Na ten polski obraz nakłada się obraz naszych południowych sąsiadów, którzy nie chcą poddać się dyktatowi eurokratów i planują umieszczenie prawa do broni w swojej konstytucji. Marzymy o takich politykach w Polsce. Z odległej, ale coraz ważniejszej dla polskiej polityki, Ameryki też bije blask wolności. Kagańcowe prawa nakładane na Amerykanów w sprawie broni, kasowane są w tempie zawrotnym.

Co my mamy sobie myśleć o poczynaniach partii rządzącej? Szczerze pisząc nie wiem, ale moje myśli są pełne obaw i są niespokojne. Na podstawie tego co widzę nabieram przekonania, że oni naprawdę nie mają wyrobionego wspólnego zdania w sprawie zmian reguł dostępu do broni palnej w Polsce. Ten problem w przestrzeni publicznej narasta. Chcielibyśmy aby racjonalny dostęp do broni była zgodna z tym co postulują środowiska strzeleckie.

Moim zdaniem powinniśmy podejmować rzeczową polemikę w tej sprawie, prezentując argumenty, a nie tezy oparte o emocje. Co to za polemika, gdy wobec ministra Macierewicza formułowane są przeróżne nieprzyjazne, a czasami wręcz obraźliwe określenia? Co ma sprawić taka argumentacja? Gdy dostrzegamy błędy, mówmy o tych błędach. Nie wolno jednak zapominać, że temat dostępu do broni palnej, nie zamyka polskiej racji stanu. Pomimo wad i błędów, jakie sam dostrzegam w tej sprawie, to wszystko staram się wskazywać i oceniać, ten rząd póki co zabezpiecza Polskę przed nachalną polityką imigracyjną lewaków rządzących w Unii Europejskiej. Moim zdaniem dzisiaj to zasadnicza sprawa. Nasza integralność terytorialna, kulturowa i etniczna to fundament państwa, który jednak wciąż zapewnia rząd PiSu. Nie da się też zakrzyczeć propagandą faktu, że rząd polski wzmacnia Polskę militarnie, co jest przecież fundamentem naszego istnienia.
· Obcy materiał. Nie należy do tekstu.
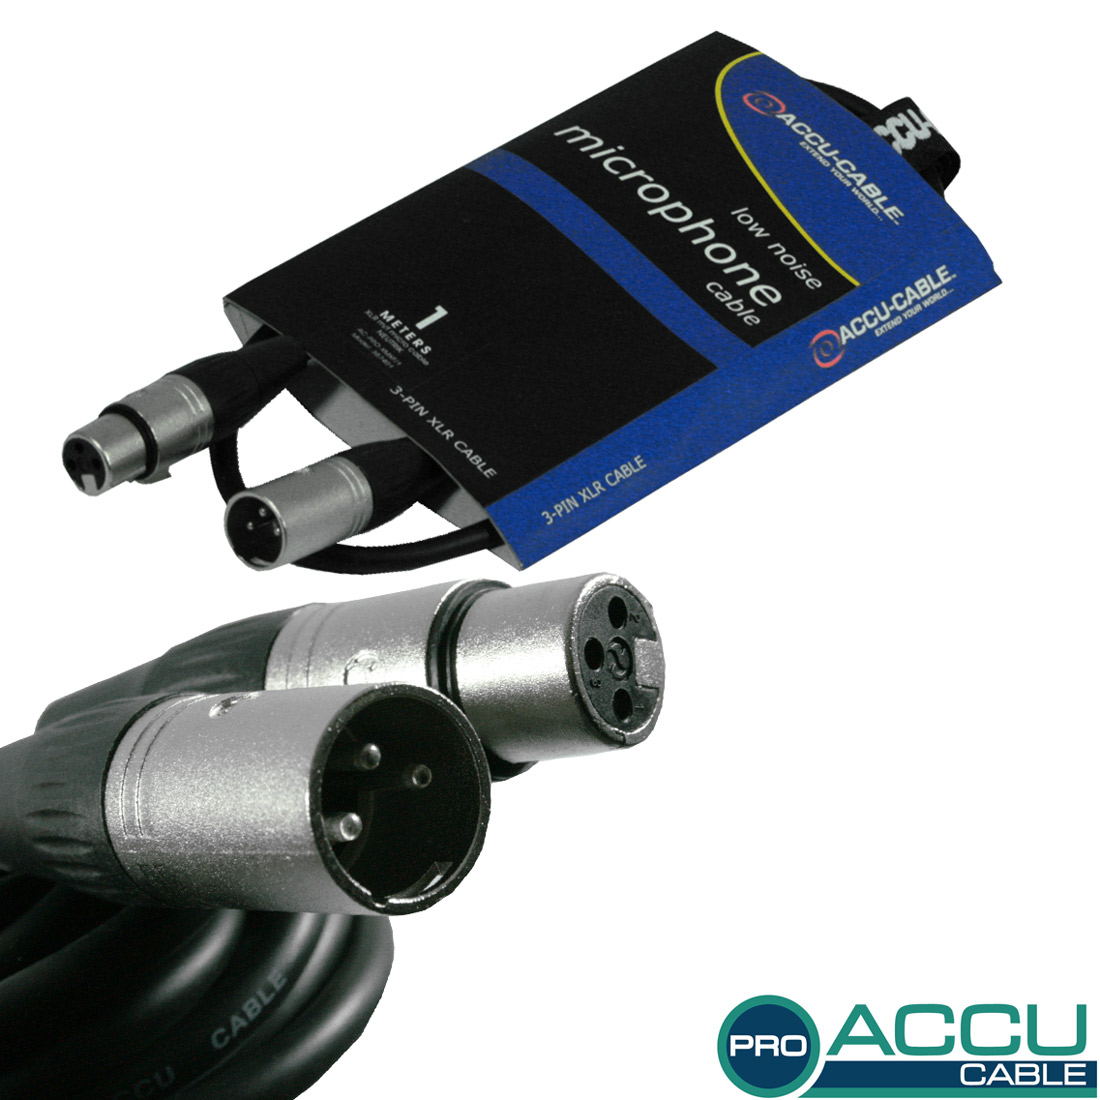 Accu Cable AC-PRO-XMXF/1 XLR m/f 1m

Spierajmy się z politykami, ale nie niszczmy kanałów komunikacji niezbędnych do przekonywania i wypracowania porozumienia. Pokazujmy im błędy w rozumowaniu, ale nie obrażajmy się na tego czy innego polityka. Wskazywany przeze mnie fakt, że póki co PiS nie ma oficjalnie i kategorycznie negatywnego zdania o dostępie do broni palnej, znaczy ni mniej ni więcej tylko to, że waga jeszcze nie przechyliła się na żadną stronę. Czy każde rozwiązanie jest możliwe? Tego oczywiście nie wiem. Ale piłka pozostaje w grze i nie możemy sobie pozwolić na wykopanie jej poza boisko, pokazanie języka i wykrzykiwanie, że dalej nie będziemy grać. To postawa nieodpowiedzialna, infantylna i niegodna powagi naszej sprawy. Dostęp do broni palnej przecież wielu uznaje za sprawę ważną, za jeden z fundamentów bezpiecznej Polski.